Trollstigen (or trollstigvegen; The troll path) is a serpentine mountain road and pass in Rauma Municipality, Møre og Romsdal County, Norway.

It is part of Norwegian County Road 63 that connects the town of Åndalsnes in Rauma and the village of Valldal in Fjord Municipality. It is a popular tourist attraction for its steep incline of 10% and eleven hairpin bends up a steep mountainside. During the peak of the tourist season, about 2,500 vehicles pass daily pass this landmark.

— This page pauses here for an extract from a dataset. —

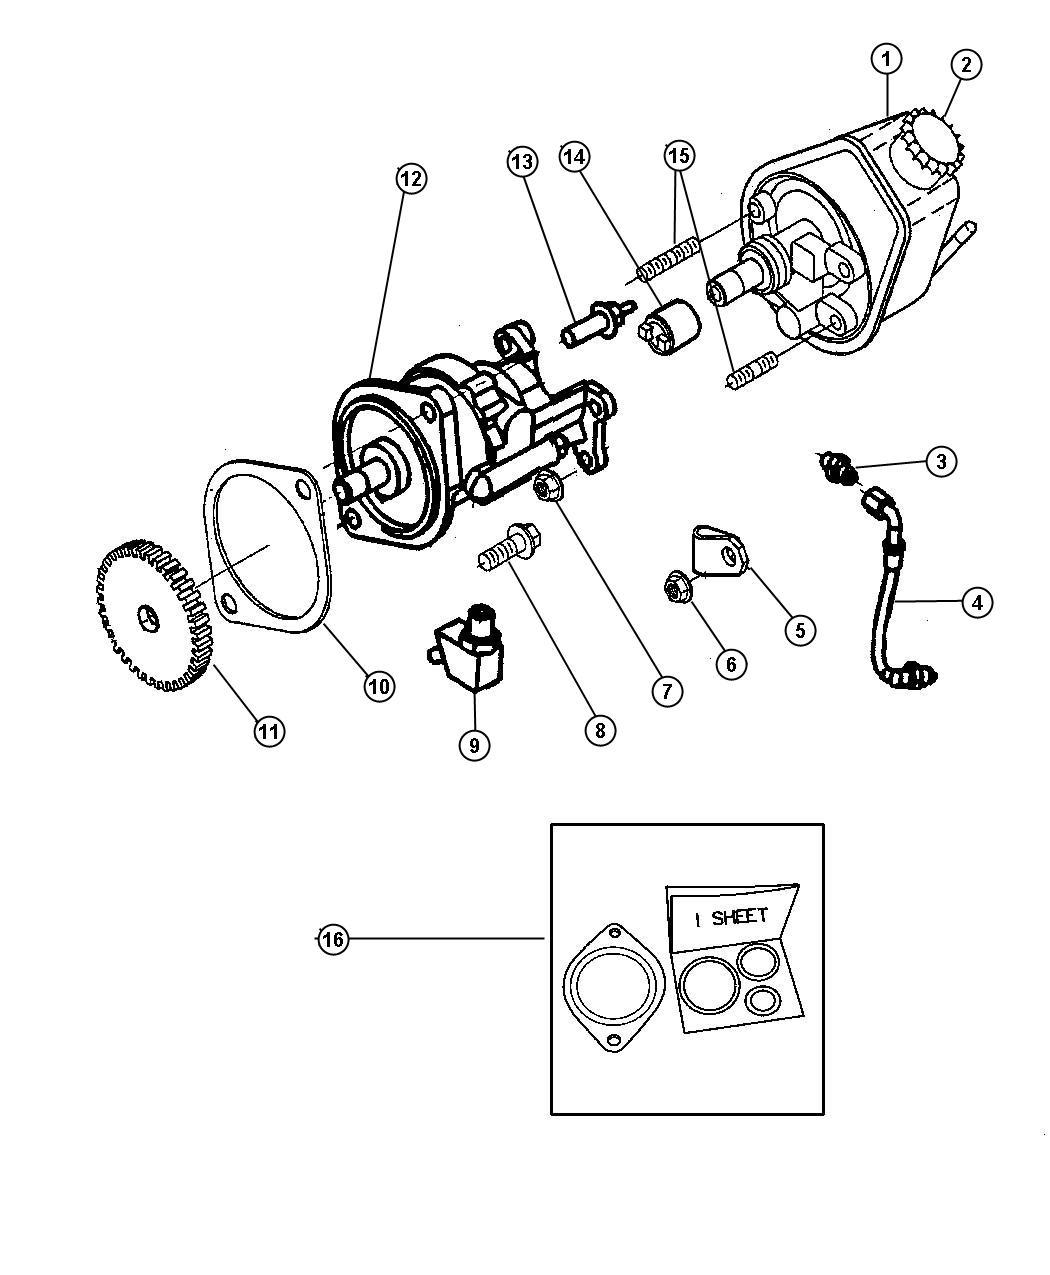 Dodge Ram Quad Cab 5 9l V8 Mpi 5 Speed Manual

During the 2012 season, 161,421 vehicles traversed the route, compared to 155,230 vehicles during 2009.

The road is narrow with many sharp bends, and although several bends were widened during 2005 to 2012, vehicles over 12.4 m long are prohibited from driving the road. During the 2011 and 2012 seasons, buses up to 13.1 m were temporarily allowed as a trial. At the 700 m plateau are a car park and several viewing balconies overlooking the bends and the Stigfossen waterfall. Stigfossen falls 320 m down the mountainside. The pass has an elevation of approximately 850 m.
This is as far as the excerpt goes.